When Test-Time Adaptation Meets Self-Supervised Models
This addresses the challenge of adapting self-supervised models to dynamic environments for machine learning practitioners, but it is incremental as it builds on existing TTA and SSL methods.
The paper tackles the problem of test-time adaptation (TTA) for self-supervised learning (SSL) models, which struggle with low source accuracy, by proposing a collaborative framework that integrates SSL and TTA using contrastive learning and knowledge distillation, achieving competitive performance without relying on source pretraining.
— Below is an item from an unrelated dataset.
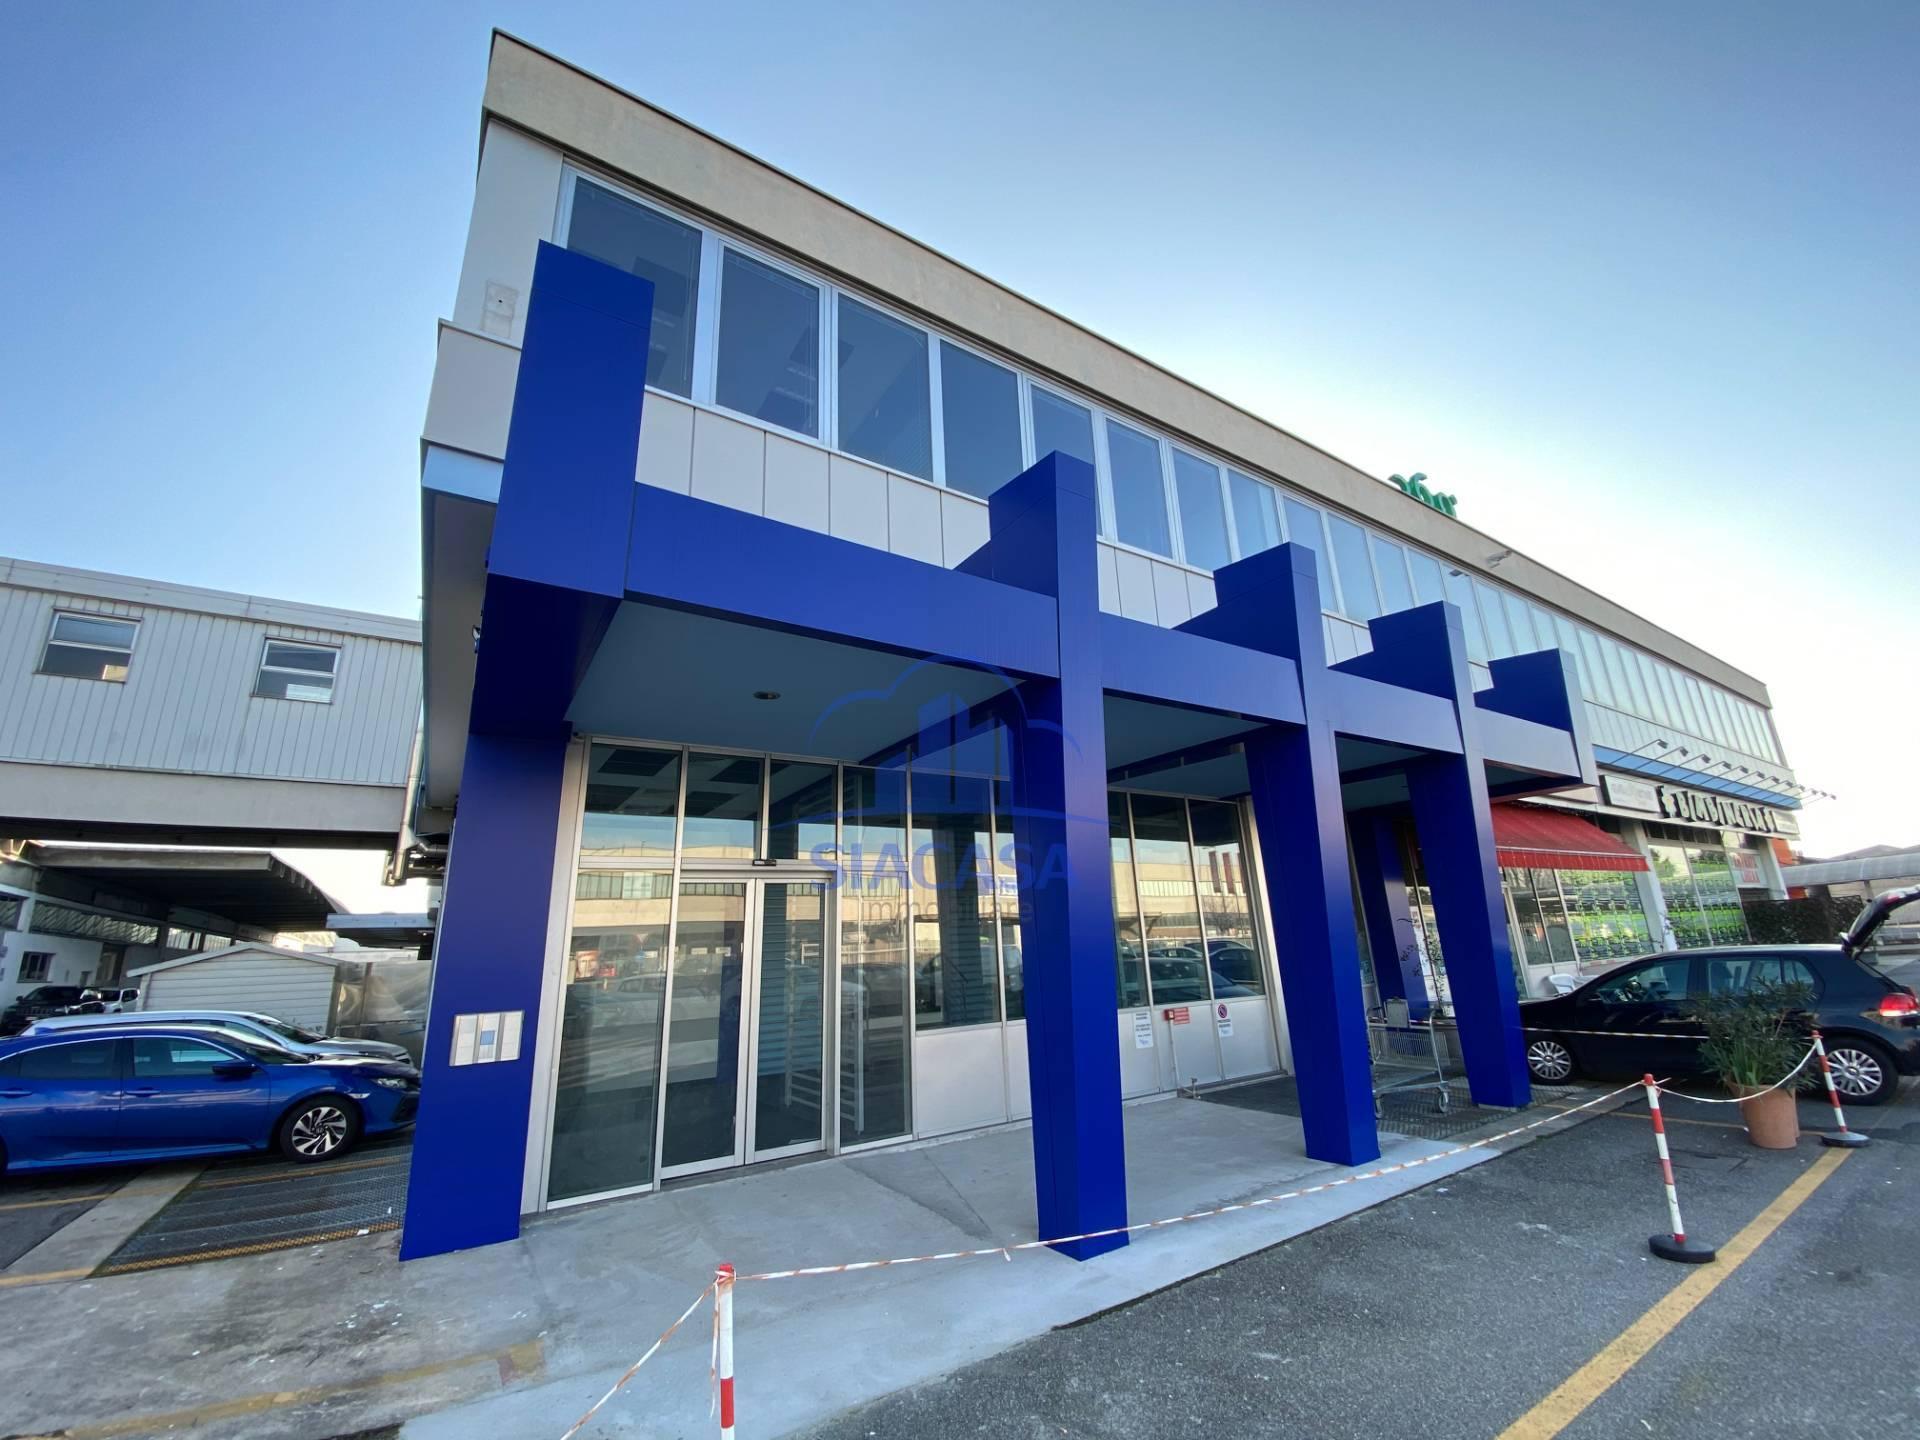 Ufficio / Studio in affitto a Cernusco sul Naviglio, 9999 locali, prezzo € 2.631 | PortaleAgenzieImmobiliari.it

Training on test-time data enables deep learning models to adapt to dynamic environmental changes, enhancing their practical applicability. Online adaptation from source to target domains is promising but it remains highly reliant on the performance of source pretrained model. In this paper, we investigate whether test-time adaptation (TTA) methods can continuously improve models trained via self-supervised learning (SSL) without relying on source pretraining. We introduce a self-supervised TTA protocol after observing that existing TTA approaches struggle when directly applied to self-supervised models with low accuracy on the source domain. Furthermore, we propose a collaborative learning framework that integrates SSL and TTA models, leveraging contrastive learning and knowledge distillation for stepwise representation refinement. We validate our method on diverse self-supervised models, including DINO, MoCo, and iBOT, across TTA benchmarks. Extensive experiments validate the effectiveness of our approach in SSL, showing that it achieves competitive performance even without source pretraining.